Author + information
- Received January 25, 2005
- Revision received February 25, 2005
- Accepted February 28, 2005
- Published online June 21, 2005.
- Andrew T.L. Ong, MBBS, FRACP,
- Eugène P. McFadden, MD, FRCPI, FACC,
- Evelyn Regar, MD, PhD,
- Peter P.T. de Jaegere, MD, PhD,
- Ron T. van Domburg, PhD and
- Patrick W. Serruys, MD, PhD, FACC⁎ ()
- ↵⁎Reprint requests and correspondence:
Prof. Patrick W. Serruys, Thoraxcenter, Ba-583, Dr. Molewaterplein 40, 3015-GD Rotterdam, the Netherlands
Objectives We sought to describe the incidence of late angiographic stent thrombosis (LAST) events in an unselected drug-eluting stent (DES) population.
Background Concerns have been raised that LAST may be a potential limitation of DES.
Methods We have previously reported the angiographic incidence of early stent thrombosis (1.0%) in this prospective cohort of 2,006 patients treated with either sirolimus-eluting stents (SES) (n = 1,017) or paclitaxel-eluting stents (PES) (n = 989). We continued long-term follow-up to determine the incidence of LAST events, defined as angiographically proven stent thrombosis associated with acute symptoms more than 30 days after DES implantation. All patients had at least 1 year of follow-up, mean duration 1.5 years.

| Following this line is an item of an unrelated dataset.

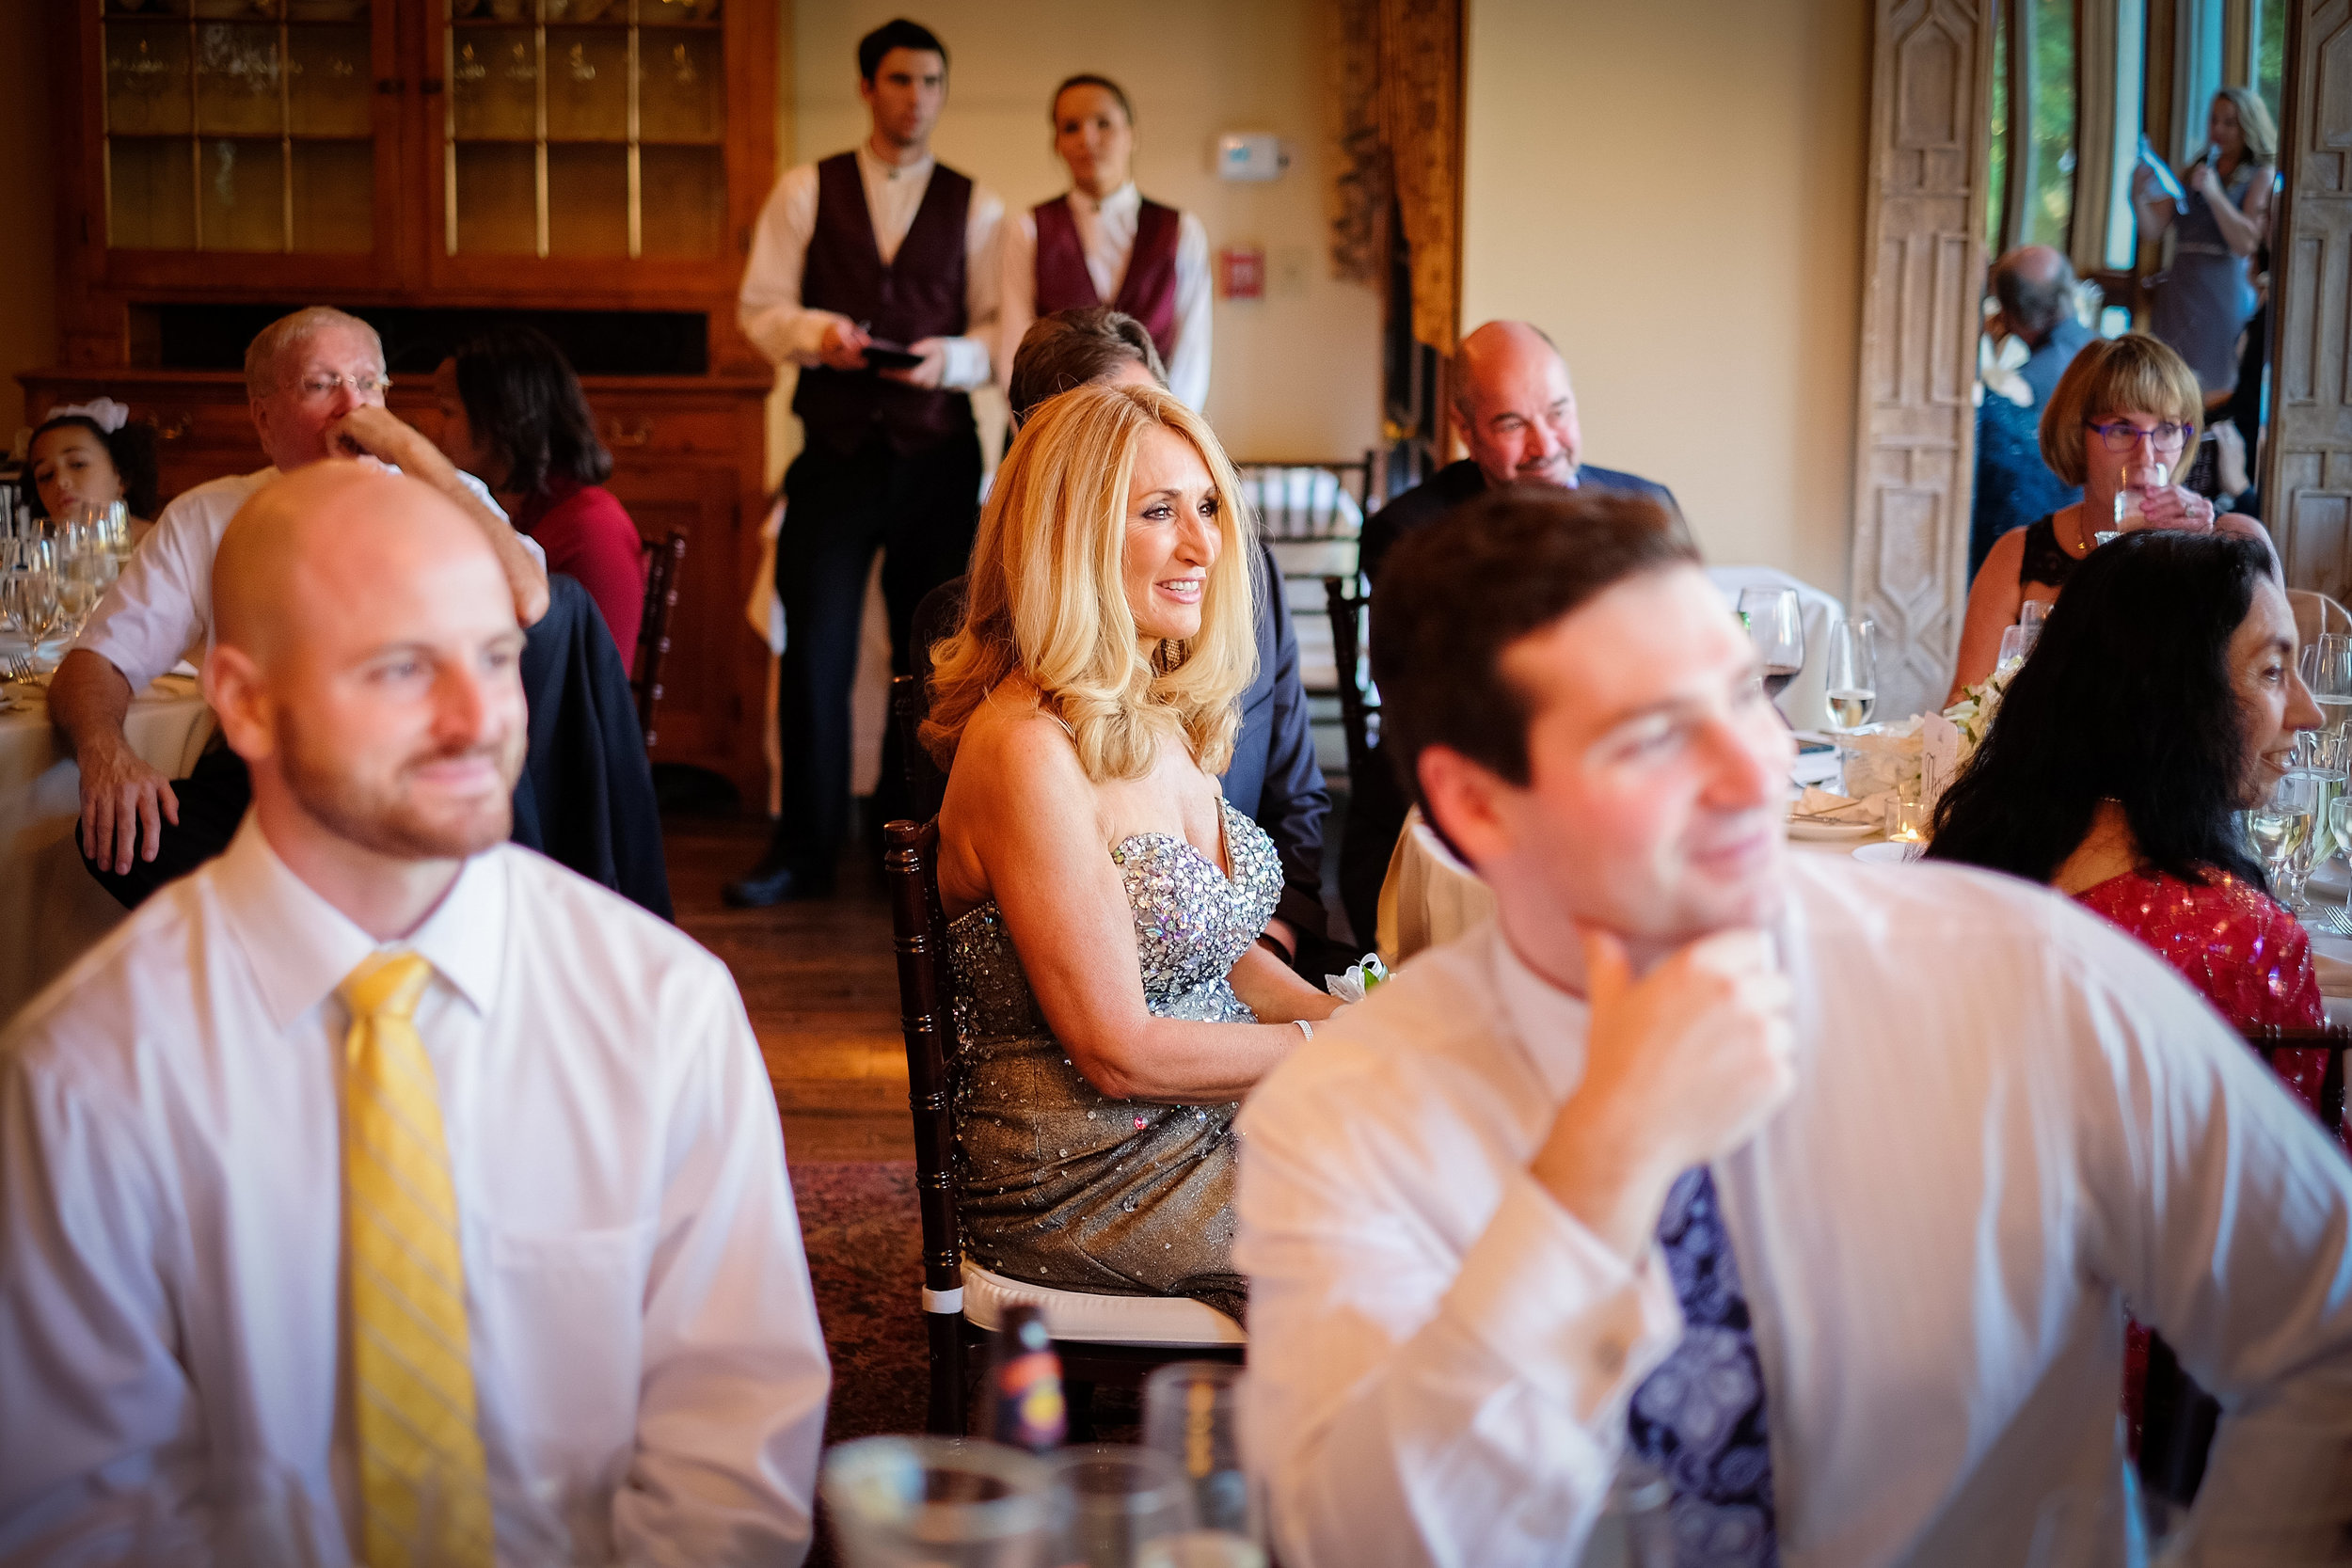 bedford-nh-wedding-photography-520.jpg

Results There were eight angiographically confirmed LAST events in seven patients: three with SES (at 2, 25, and 26 months) and five with PES (at 6, 7, 8, 11, and 14.5 months). Three cases were related to complete cessation of antiplatelet therapy, two cases occurred while patients were on aspirin therapy within one month of cessation of clopidogrel, and three cases occurred at a time when patients were apparently clinically stable on aspirin monotherapy. We observed no cases of LAST in patients who were on dual antiplatelet therapy. Two deaths occurred directly as a result of LAST.
Conclusions Angiographically proven late stent thrombosis occurs with an incidence of at least 0.35% (95% confidence limits 0.17% to 0.72%) in patients treated with DES. Importantly, it may also occur when patients are stable on antiplatelet monotherapy.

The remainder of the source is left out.